→ TASK DIRECTIONS: Below is a listing; transcribe it exactly but without any images.

→ DATA SECTION:
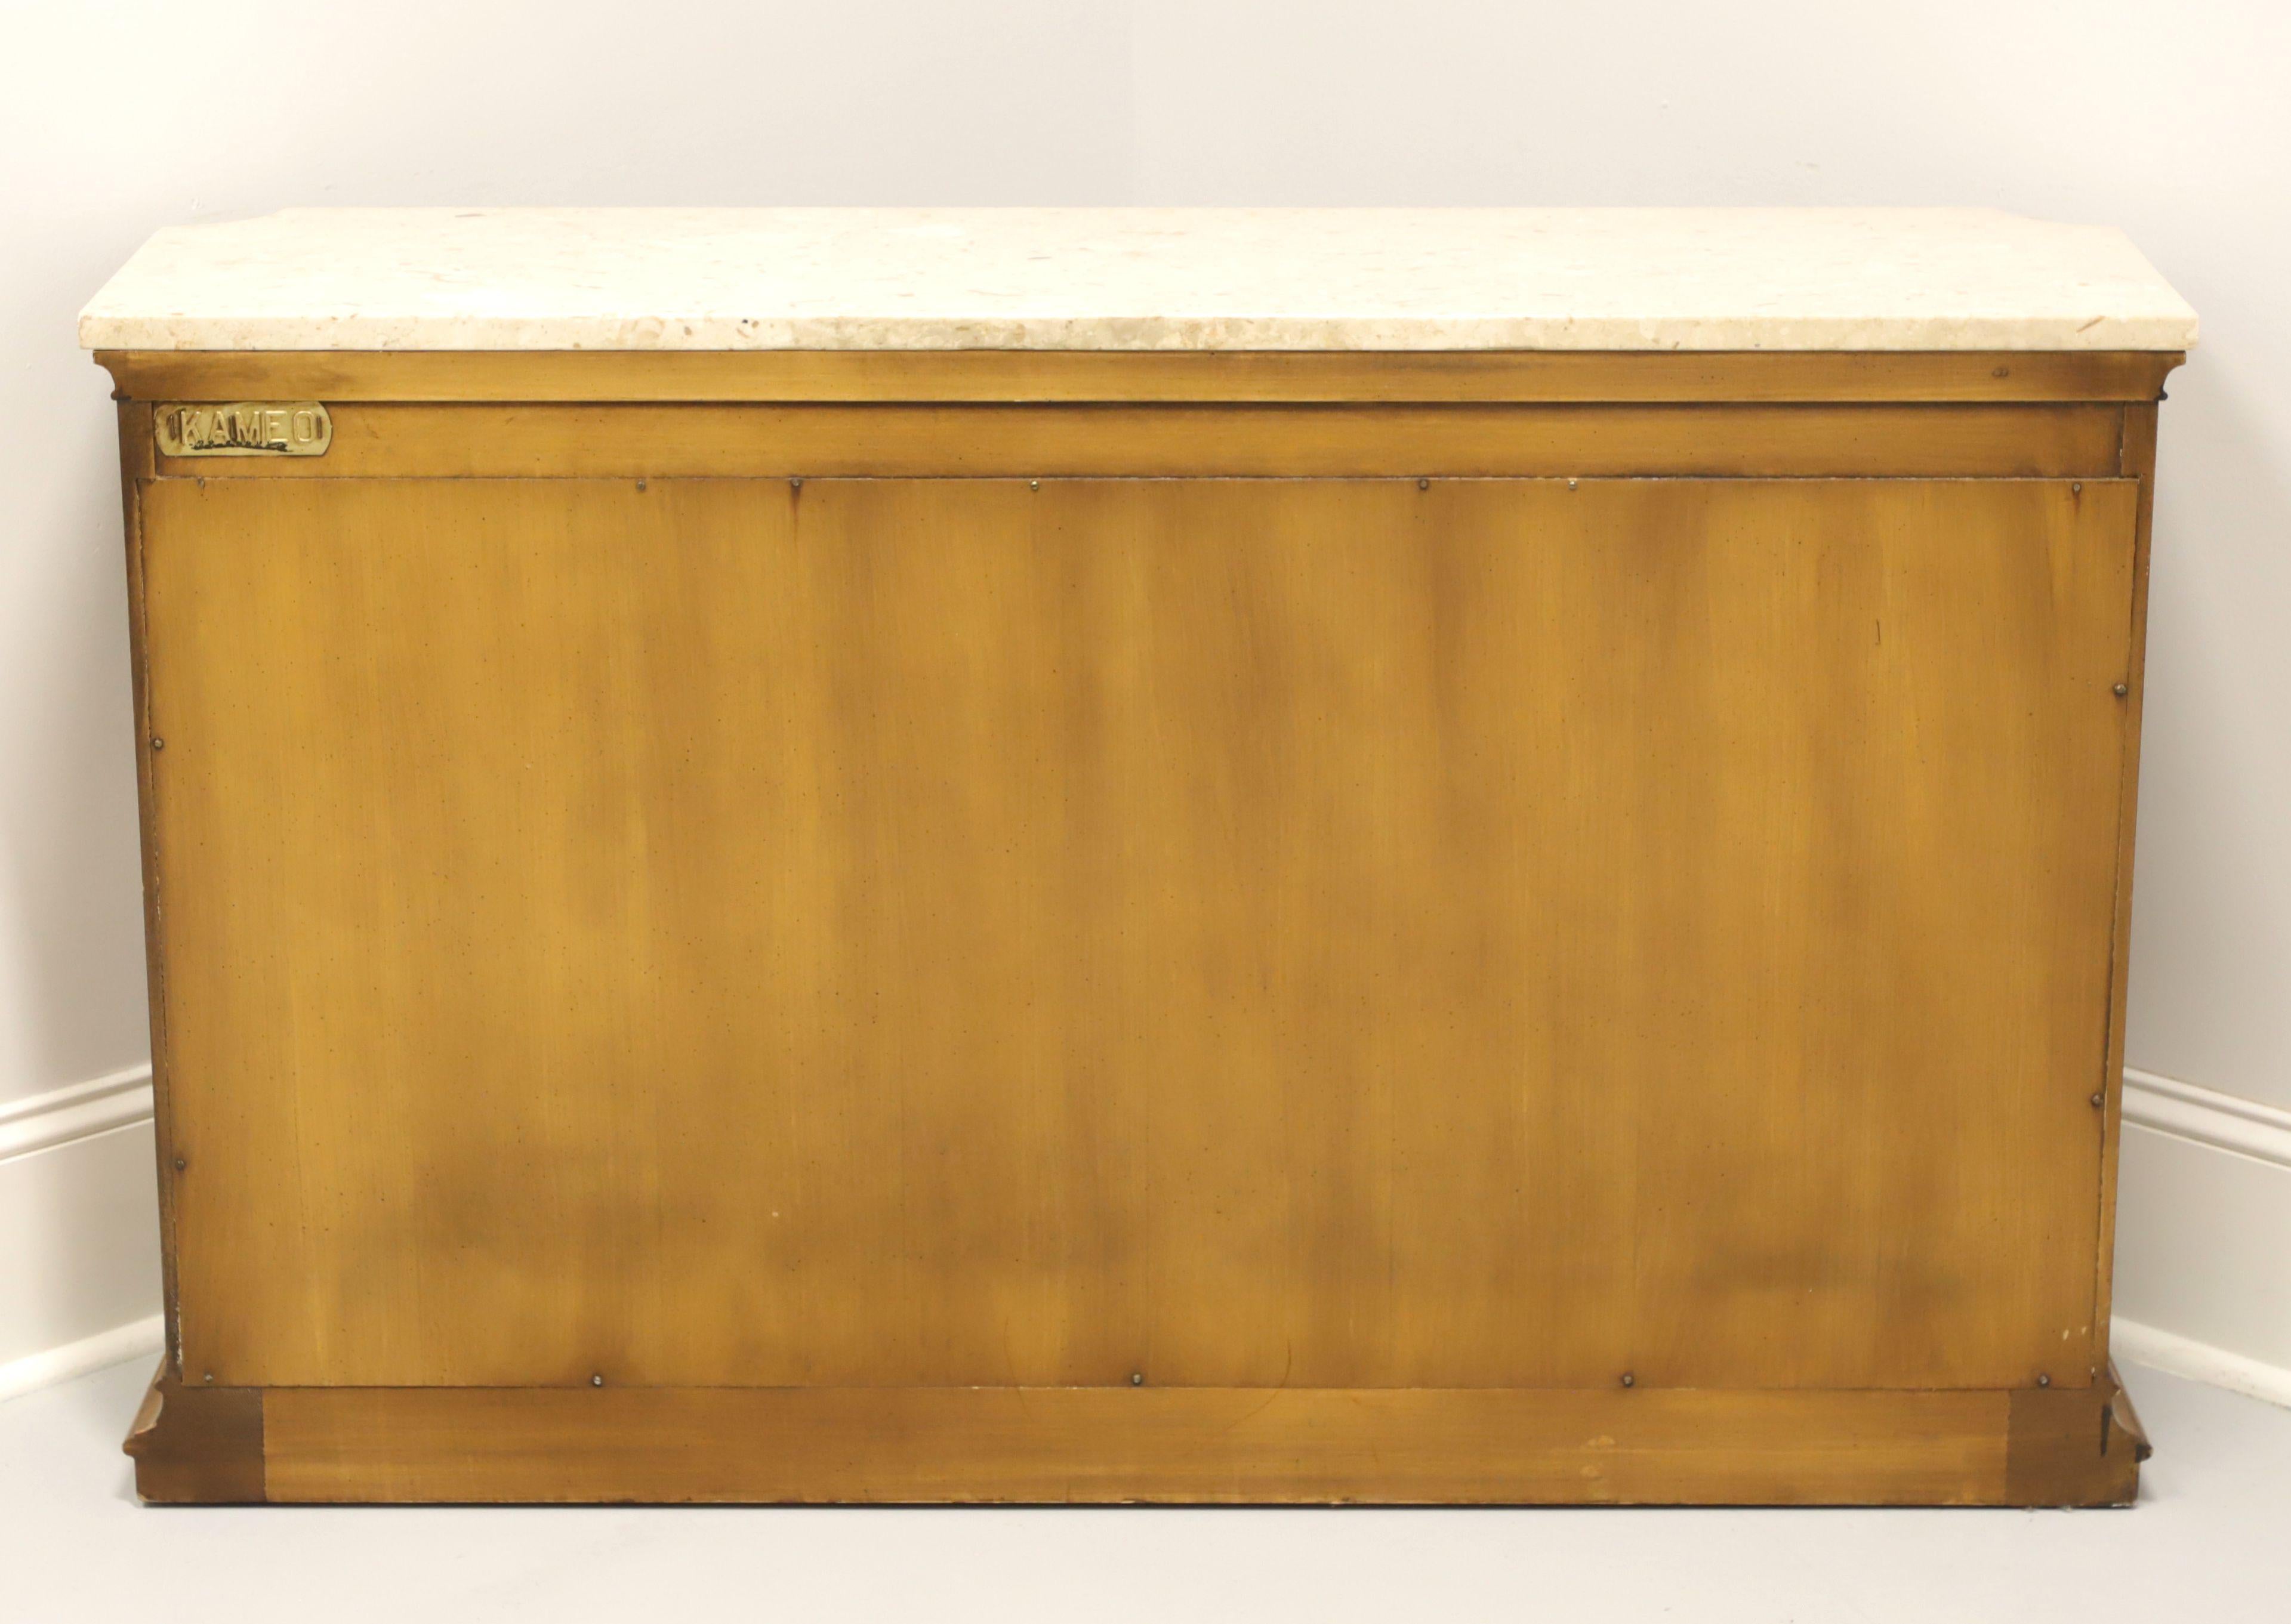 Italian WEIMAN KAMEO Mid 20th Century Mediterranean Style Marble Top Console Cabinet
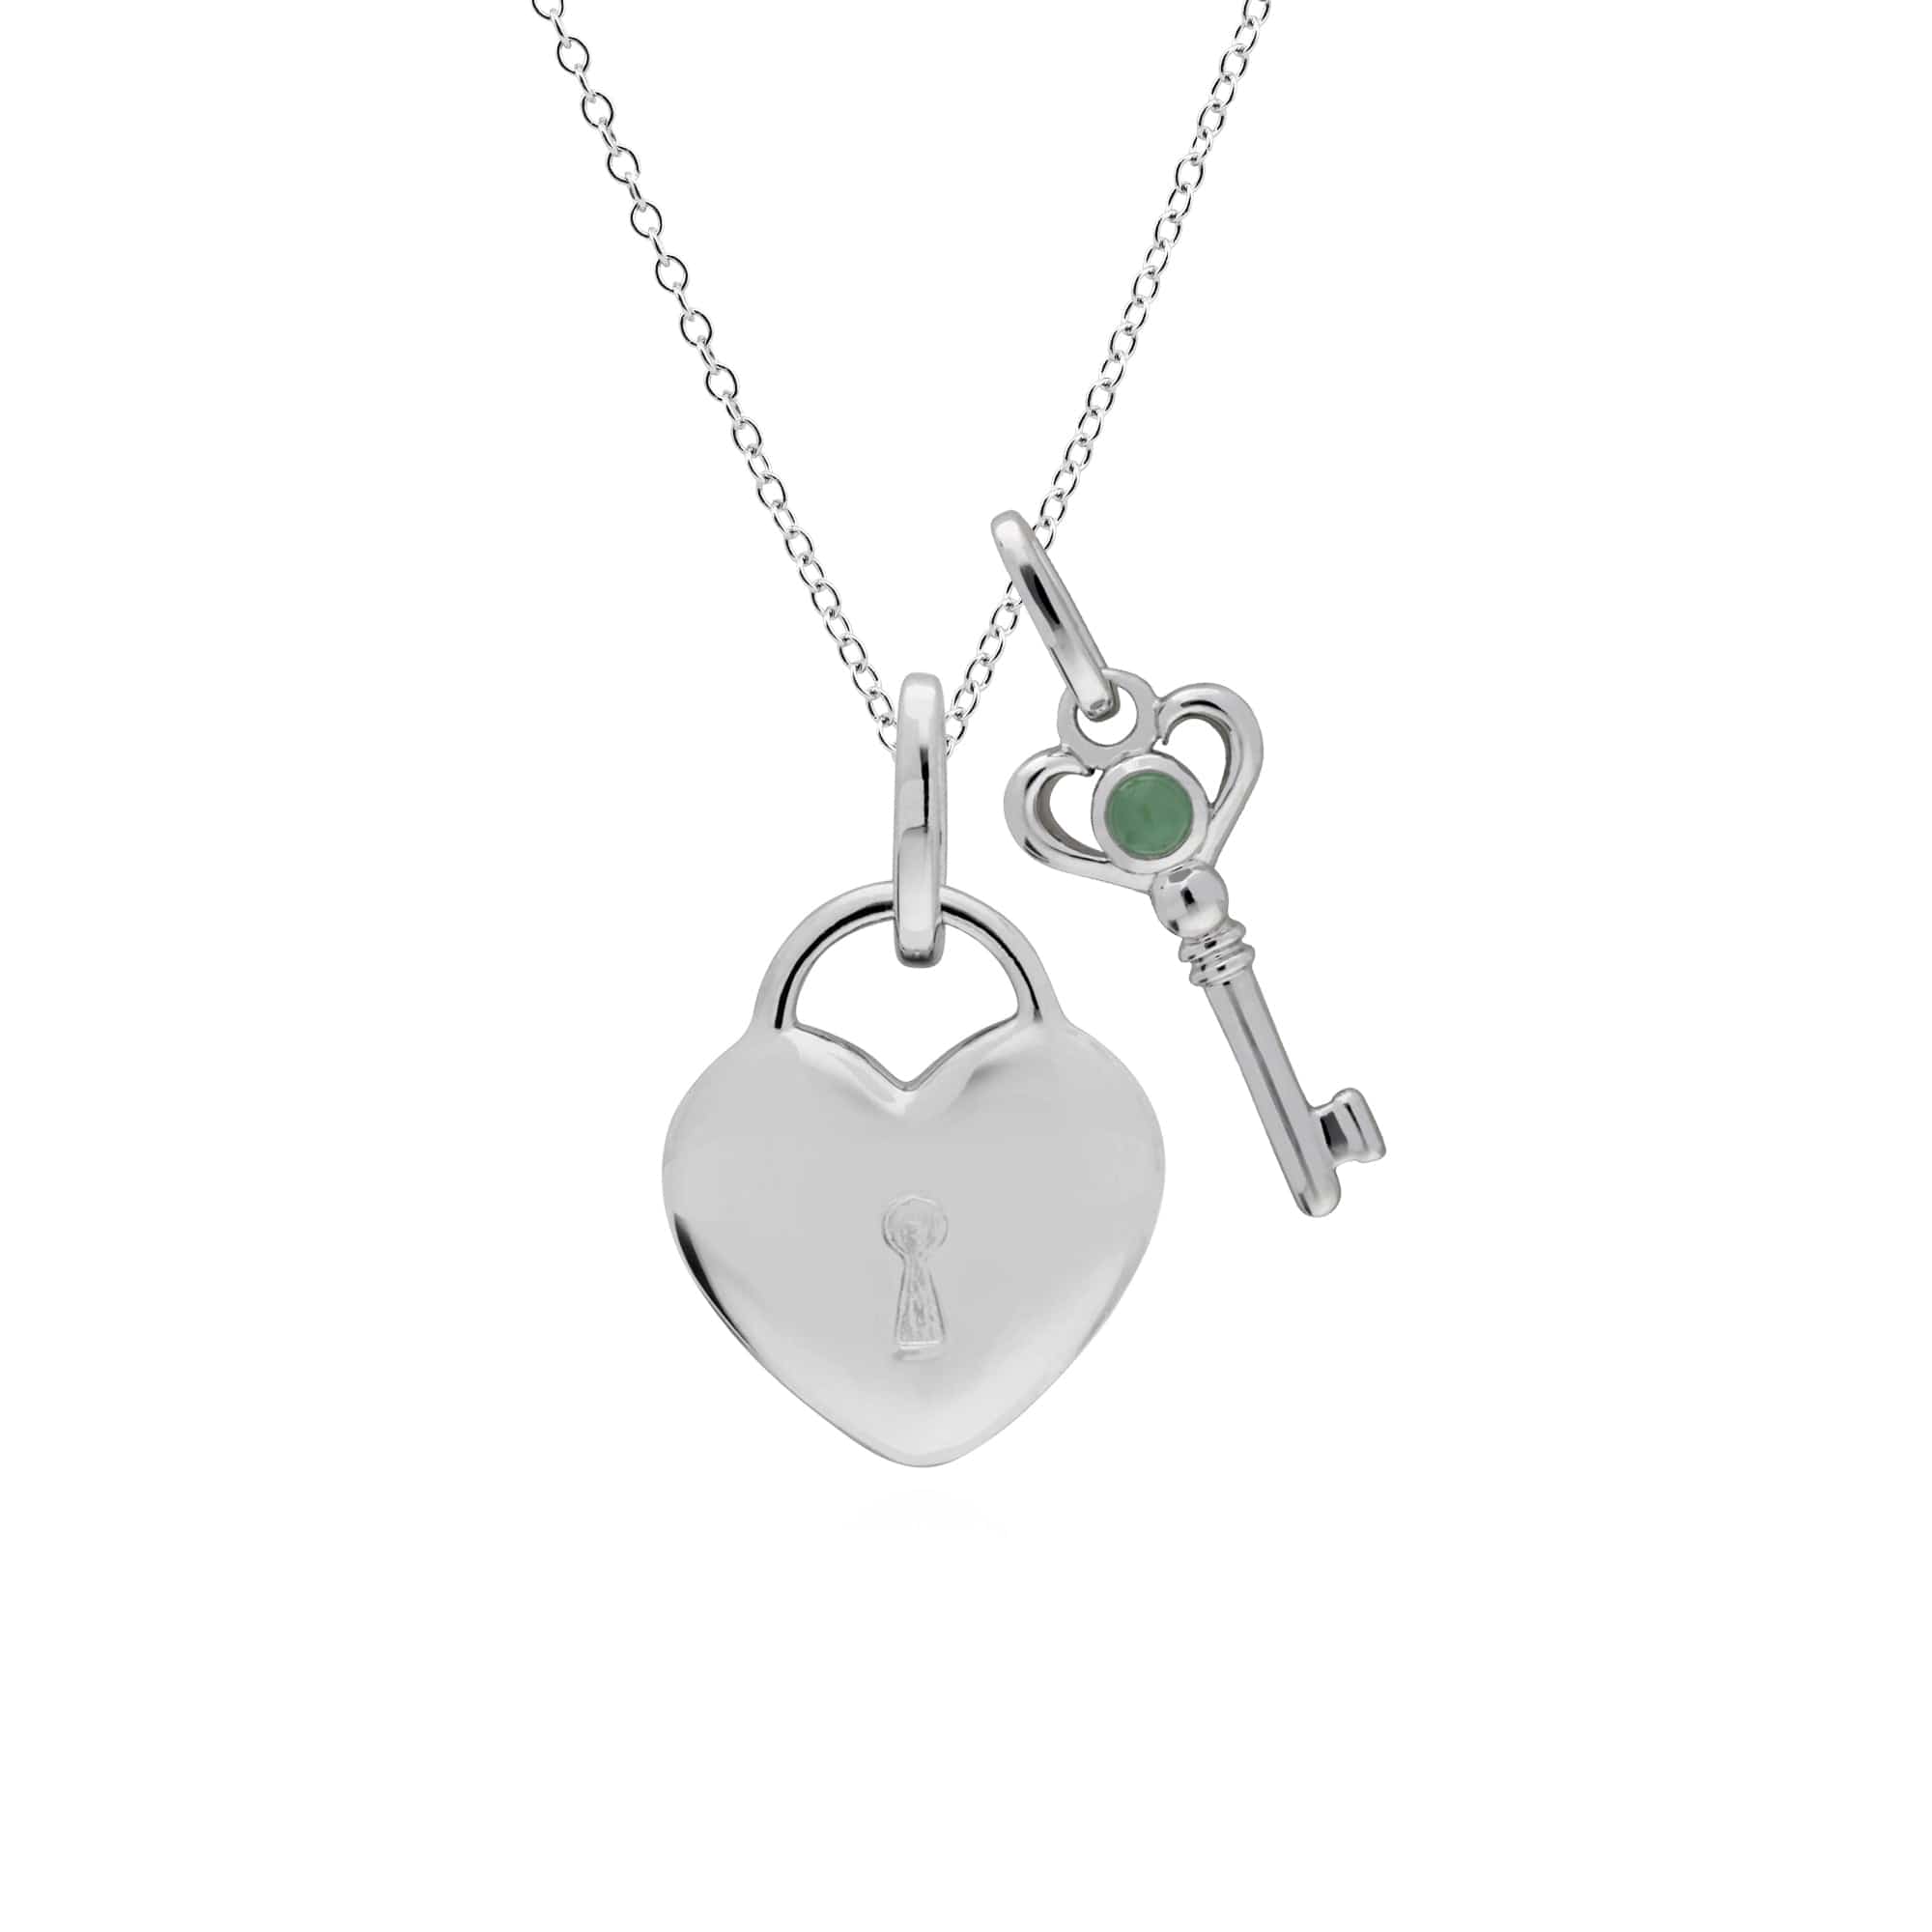 270P027501925-270P027001925 Classic Heart Lock Pendant & Jade Key Charm in 925 Sterling Silver 1
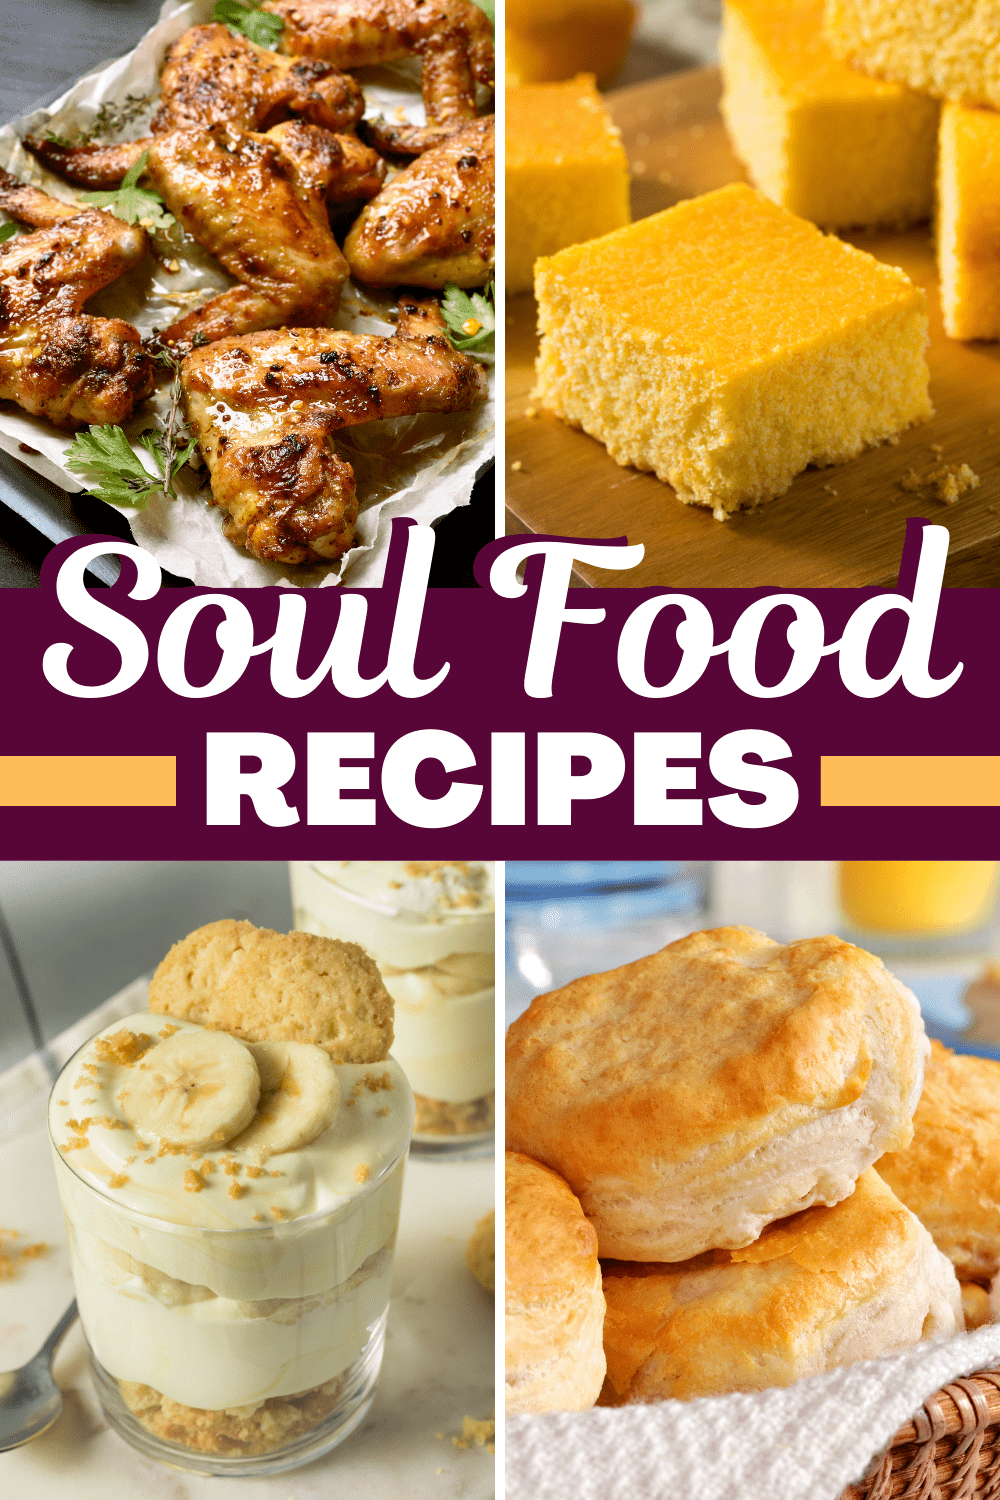 What are some traditional soul food dishes?

→ TASK SOLUTION:
 Italian WEIMAN KAMEO Mid 20th Century Mediterranean Style Marble Top Console Cabinet
 270P027501925-270P027001925 Classic Heart Lock Pendant & Jade Key Charm in 925 Sterling Silver 1
 What are some traditional soul food dishes?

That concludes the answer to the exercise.